DATA BLOCK >>
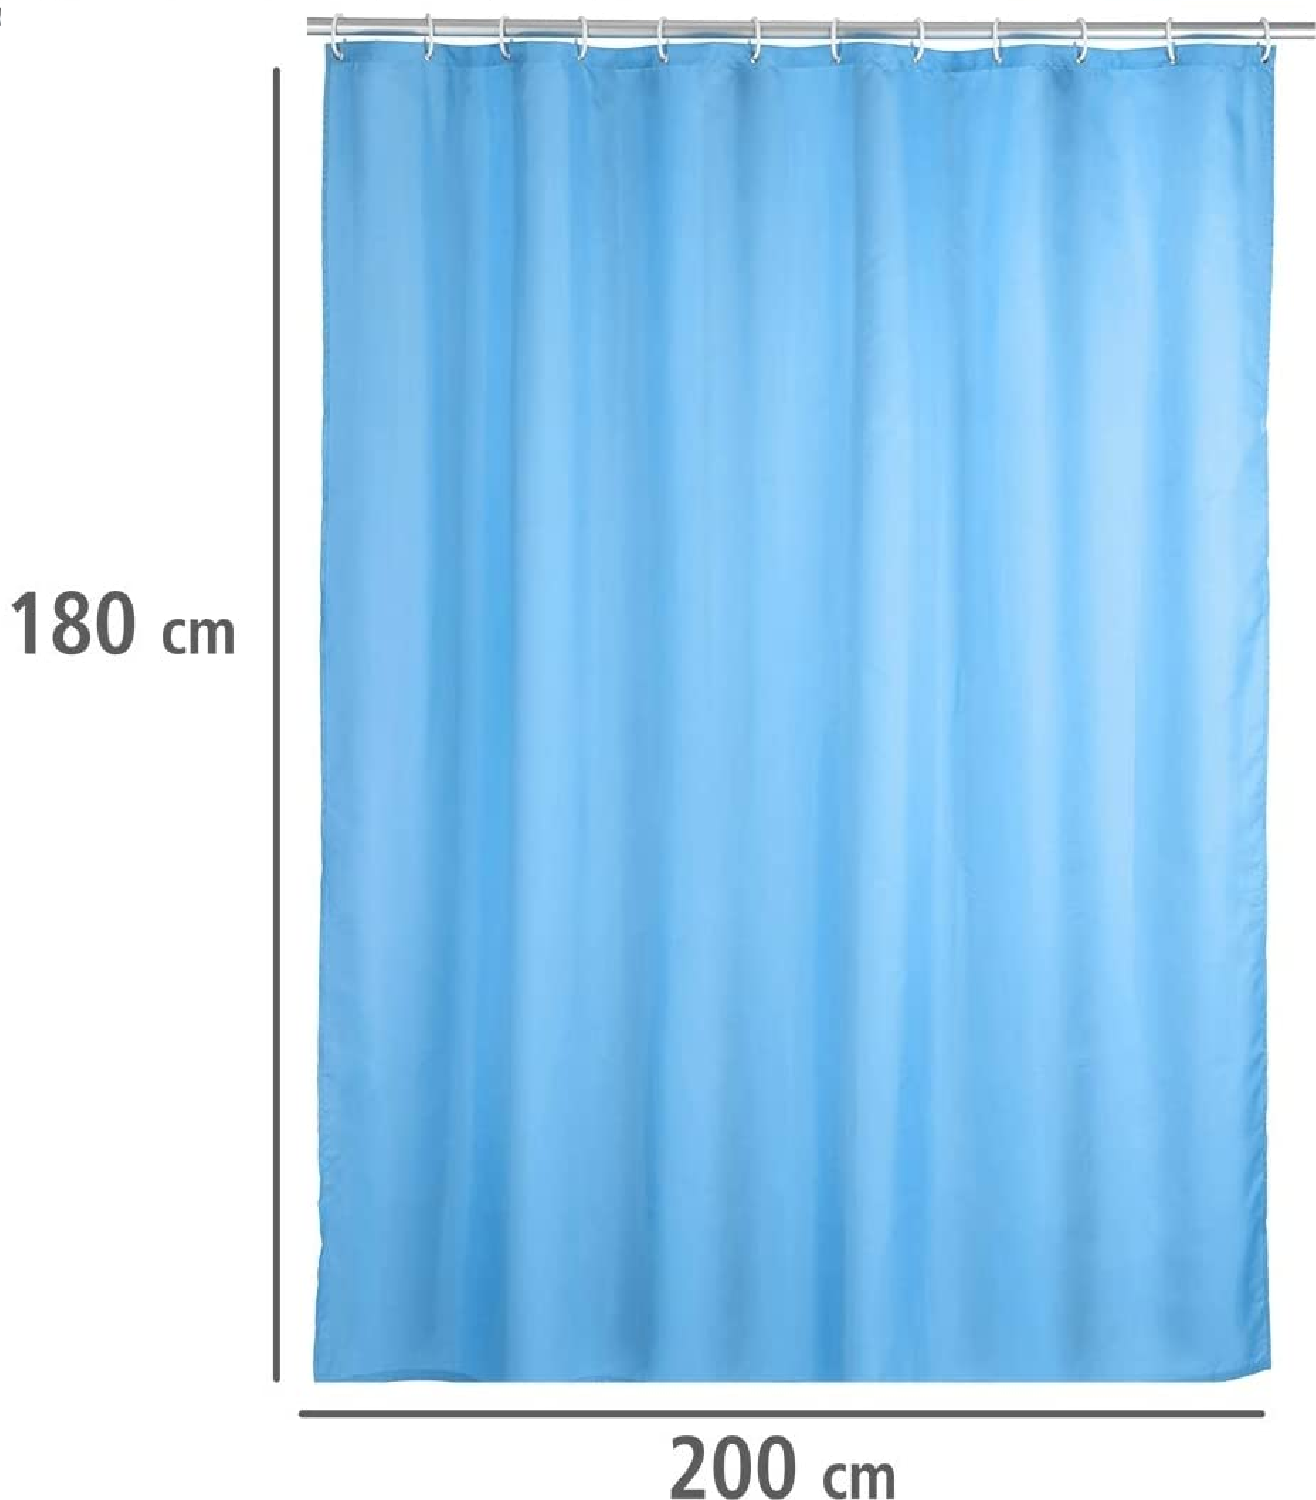 Anti-Schimmel Duschvorhang Uni Light Blue - Anti-Bakteriell, Textil, waschbar, wasserabweisend, schimmelresistent, mit 12 Duschvorhangringen, Polyester, 180 x 200 cm, Hellblau
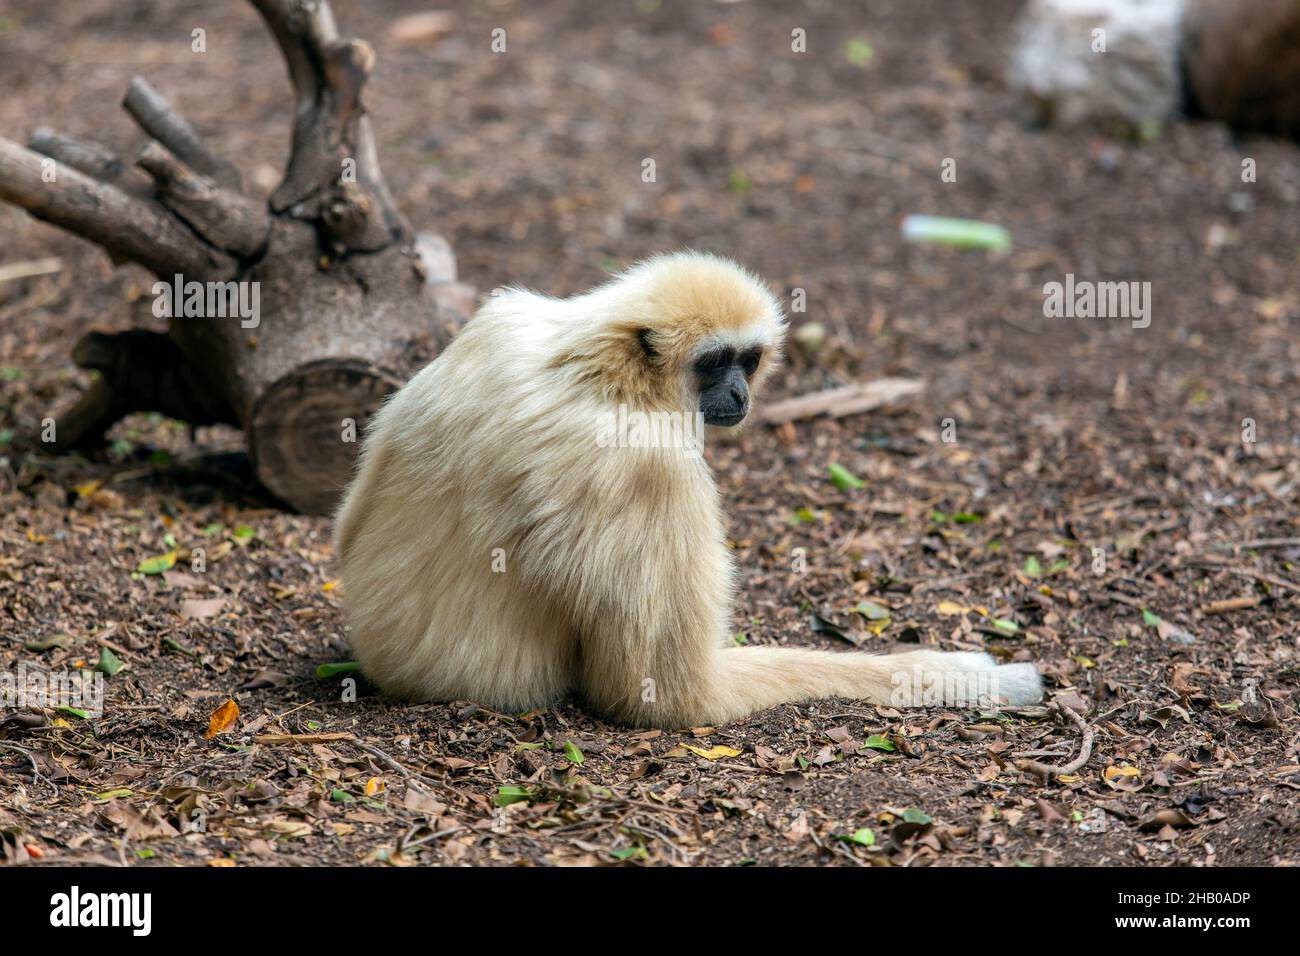 Schöner grauer Langur-Affe, der auf dem Boden liegt Stockfoto
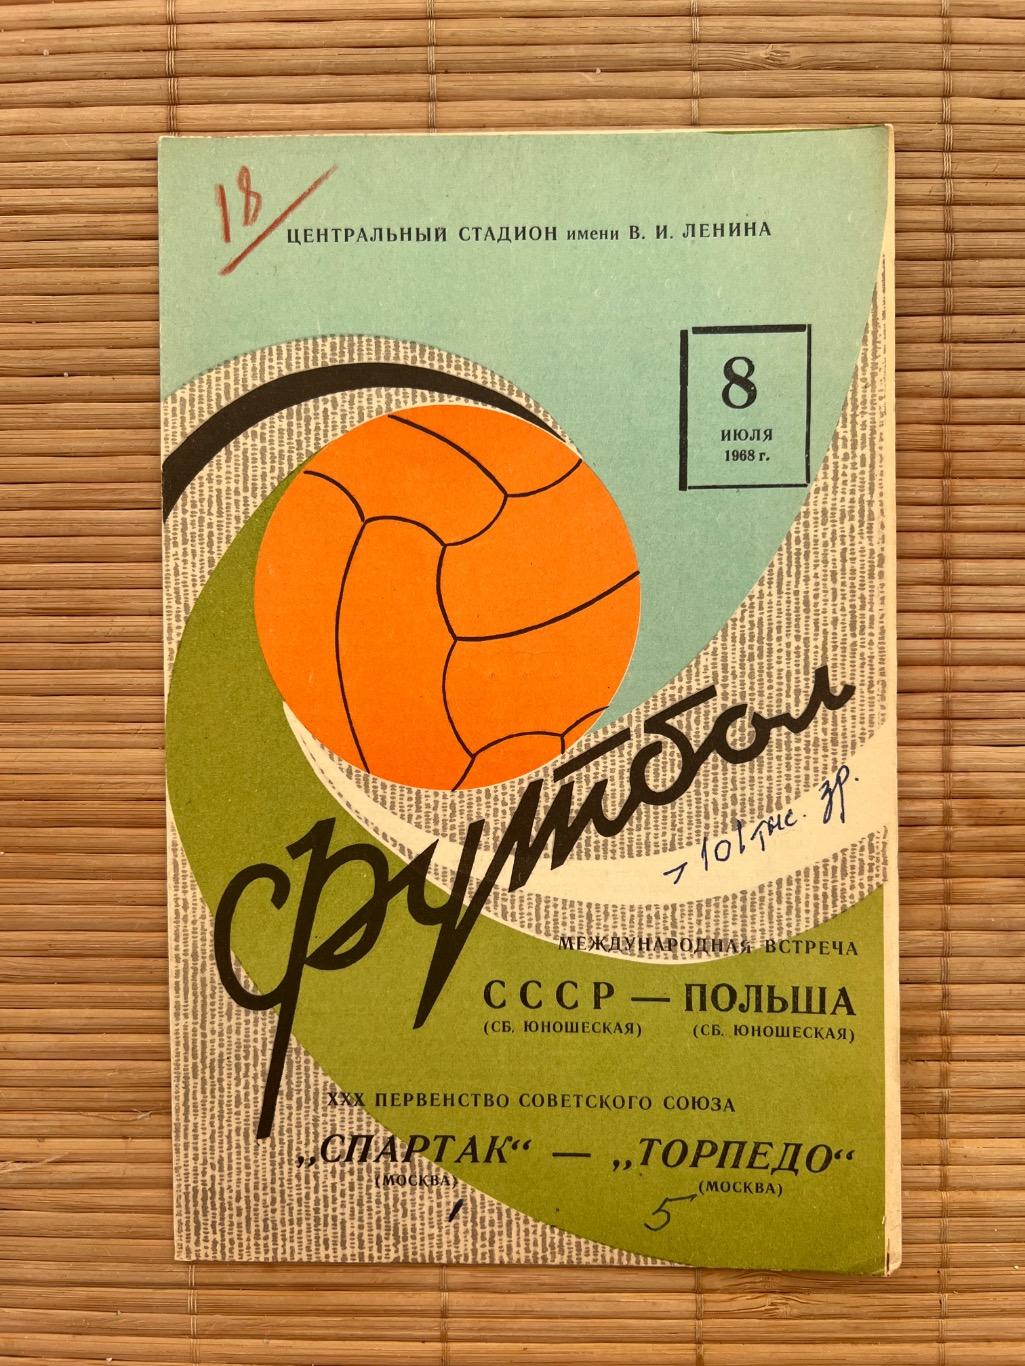 Спартак Москва - Торпедо москва 08.07.1968
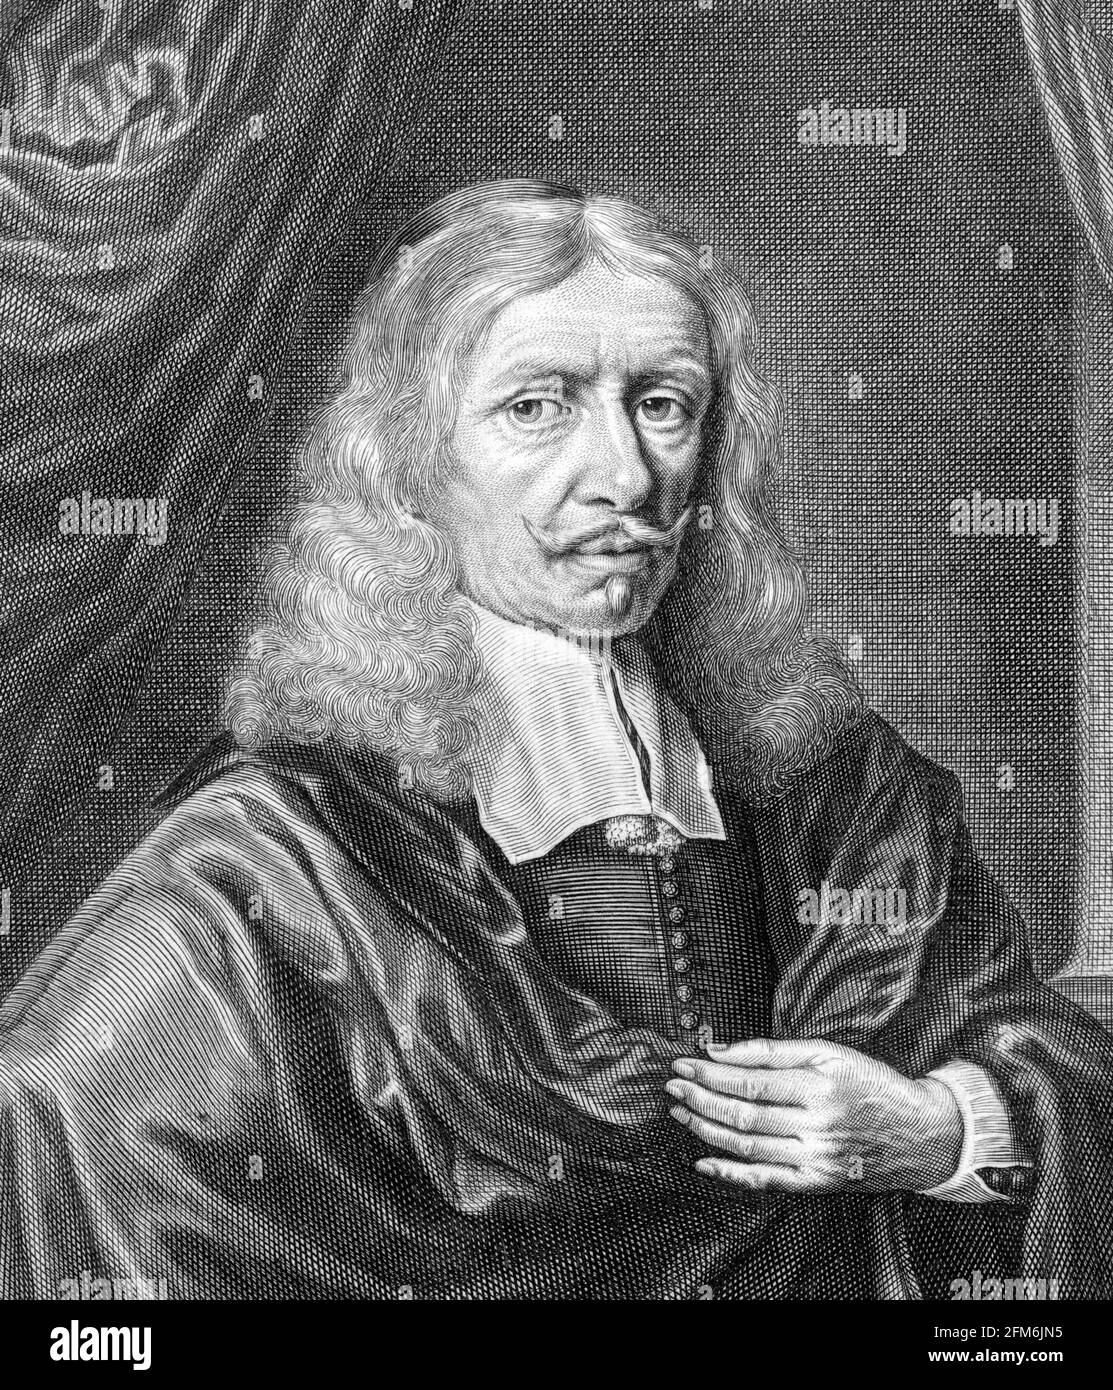 Johannes Hevelius. Portrait de l'astronome polonais Johannes Hevelius (1611-1687), gravure de Lambert Visscher, c. 1643-1691 Banque D'Images

WORK REQUEST >> Restate the material above word for word; pictures do not belong in the copy.

ANSWER TO THE EXERCISE >>
 Anti-Schimmel Duschvorhang Uni Light Blue - Anti-Bakteriell, Textil, waschbar, wasserabweisend, schimmelresistent, mit 12 Duschvorhangringen, Polyester, 180 x 200 cm, Hellblau
 Schöner grauer Langur-Affe, der auf dem Boden liegt Stockfoto
 Спартак Москва - Торпедо москва 08.07.1968
 Johannes Hevelius. Portrait de l'astronome polonais Johannes Hevelius (1611-1687), gravure de Lambert Visscher, c. 1643-1691 Banque D'Images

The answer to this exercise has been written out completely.